Questo, naturalmente, non significa che la nostra non sia un'epoca difficile, nella quale dobbiamo sforzarci di trovare le strade migliori per un incontro delle diversità che è ineluttabile e che ci obbliga a questo sforzo della ragione e a controllare le reazioni emotive e i riflessi condizionati della paura atavica che ci farebbe ripiombare ai secoli bui delle crociate. Siamo chiamati tutti - scrittori compresi... - a sforzarci per individuare un percorso, giorno dopo giorno, nel groviglio delle dinamiche storiche dei nostri tempi. Per questo è tristemente superfluo (oltreché brutto) lo scritto della Fallaci: di simili parole "venute dal cuore" siamo circondati tutti i giorni a ogni angolo di strada, i discorsi "viscerali" ormai si rincorrono. Una grande firma dovrebbe aiutarci ad analizzarli in profondità, è inutile che semplicemente se ne renda l'enfatico portavoce: purtroppo li conosciamo già. C'è
solo da augurarsi che l'integralismo provocatorio di cui è intriso
l'articolo uscito sul Corriere con immeritata evidenza non prenda troppo
piede nelle società occidentali (cosa che temo invece stia accadendo);
così come c'è da augurarsi che il fondamentalismo non diventi
il volto principale dell'intero mondo islamico (cosa che oggi, per fortuna
non è, checché ne scriva Oriana Fallaci).

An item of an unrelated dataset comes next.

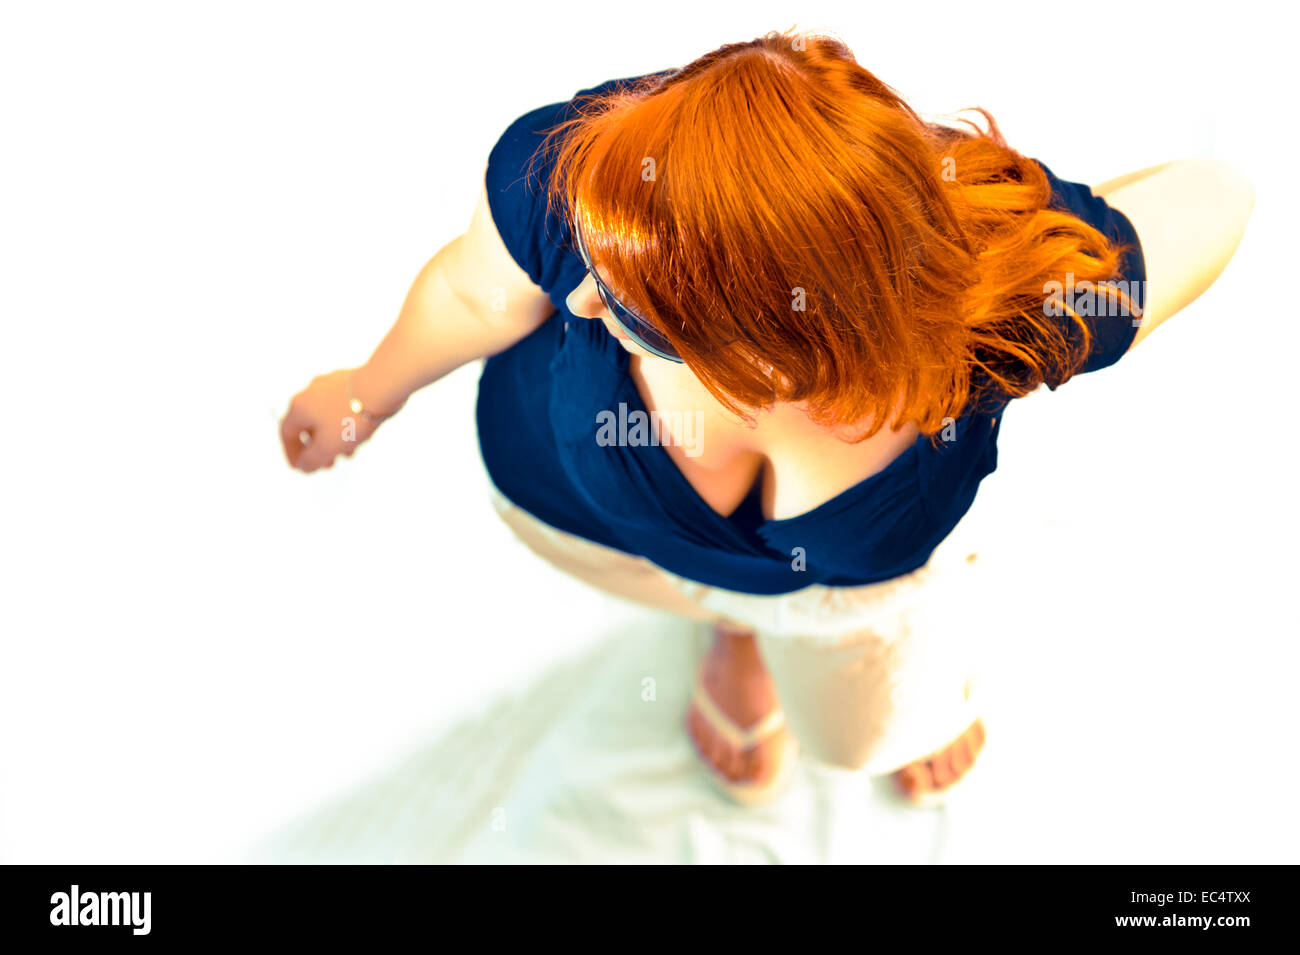 young woman from a bird s eye view Stock Photo

Alla signora Fallaci non mi resta che consigliare qualche buona lettura sul mondo islamico, sul dialogo nonviolento e sul pensiero relativista. E un suggerimento rilassante contro la paranoia xenofoba: fischiettare una vecchia canzone anarchica e pacifista di Pietro Gori sull'aria di uno stornello romano: "Nostra patria è il mondo intero, nostra legge è la libertà". (Zenone
Sovilla)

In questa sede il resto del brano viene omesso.